Peeking out of the blinds on Thursday morning to find that we were sitting within a mizzling cloud, I realised we had erred in our choice and should have listened to the almost unanimous opinions of various friends on Facebook, all bar one of whom had voted for Bridlington. Not to be defeated, we put all thoughts of ice creams and donkey rides out of our heads, killed some time drinking coffee and eating pastries, then set out on our intended walk, over Malham Lings, past Outside and around the Tarn.
The coffee and pastries interlude had allowed the cloud to lift a little, so we did have some limited views as we set out:
Cows, Colin, Cloud and Malham Tarn
Twenty minutes later we were back in the cloud and there we stayed for the rest of our 6.5-mile circuit, meaning that there’s very little I can say about it. We did regain a tiny bit of visibility when we dropped back down to Malham Tarn:
Another walk was pencilled in for today (Friday 27 November), and I got as far as putting my walking trousers on ready to set off. Then it started to rain, causing quite a harrumph, as today’s weather forecast was the best of the week and (last I saw) should have been fine and dry. “I’m not going out in that!” I declared, not just because I’m turning into a fair weather walker, but more because I can’t wear my contact lenses at the moment and I really can’t abide rain on my glasses.

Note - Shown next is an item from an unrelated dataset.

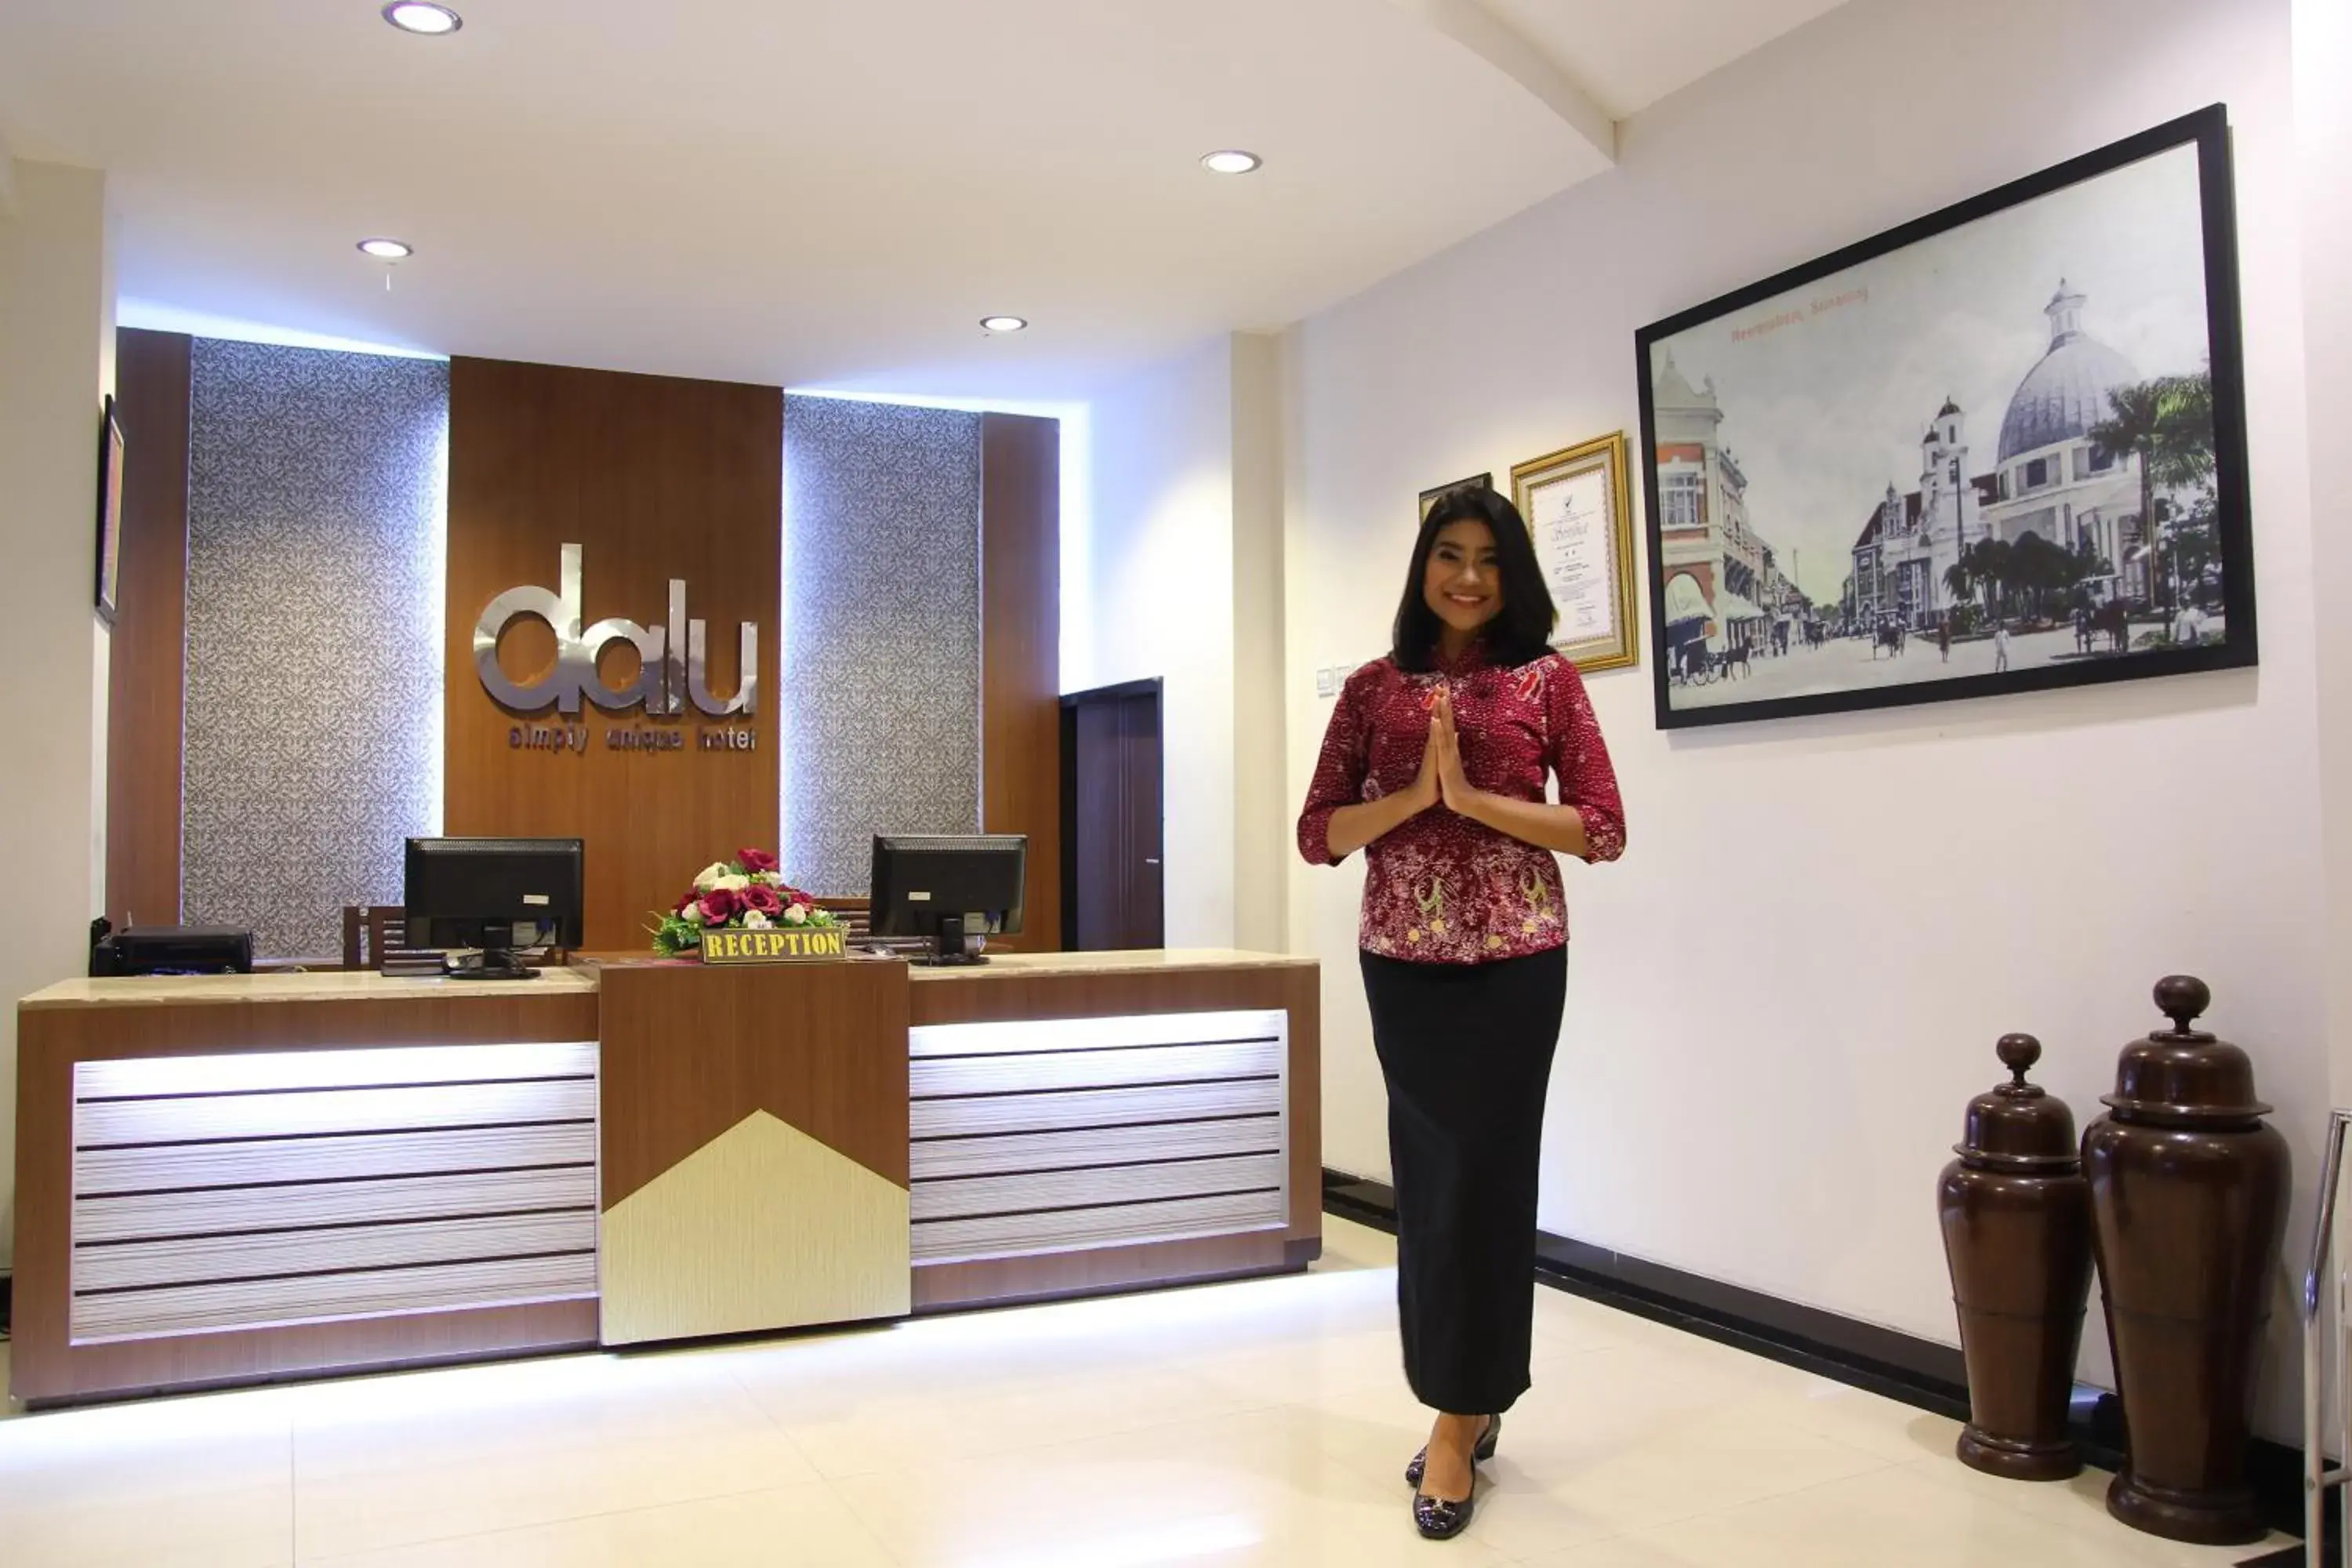 Lobby or reception in Dalu Hotel
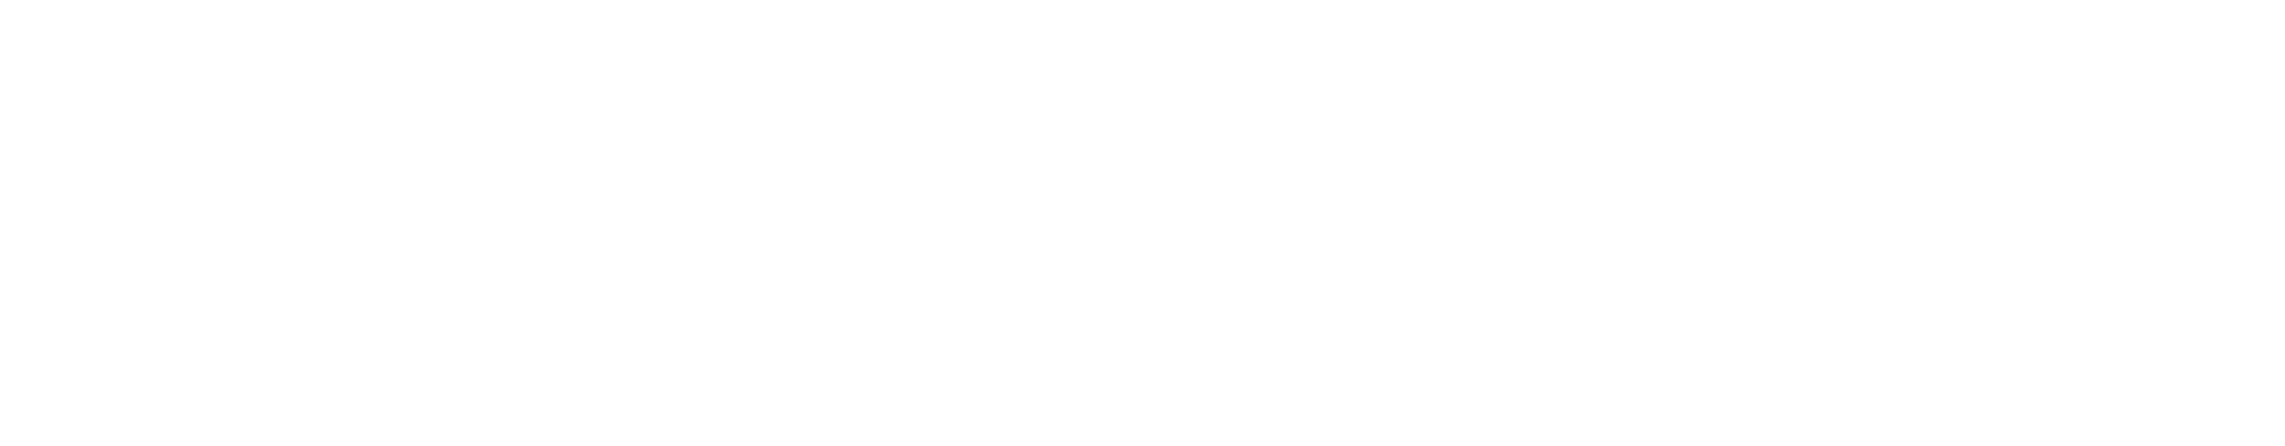 logo_salon_reklamy_2021_kor_white.png

So, we headed to Harrogate instead where the sun wasn’t shining either, but it was dry as we enjoyed a walk around the town. We must go back sometime and explore further. Tomorrow’s forecast is truly dreadful, but hopefully we’ll find the mettle to brave the wet for a stroll around Knaresborough*.
(*When Mick was a lad in ‘Alifax he had a car draw up next to him and the American occupants asked him for directions to a place they pronounced as Kuh-nah-res-buh-ruff. Mick was perplexed until finally they showed him the name in writing, whereupon he realised they were seeking Knaresborough. It was because of that short encounter all of those years ago that, in our house, Knaresborough is known as Kuh-nah-res-buh-ruff. I overheard some teenagers talking about the place today and it took me a few moments to remember that their pronunciation of the name was the correct one!)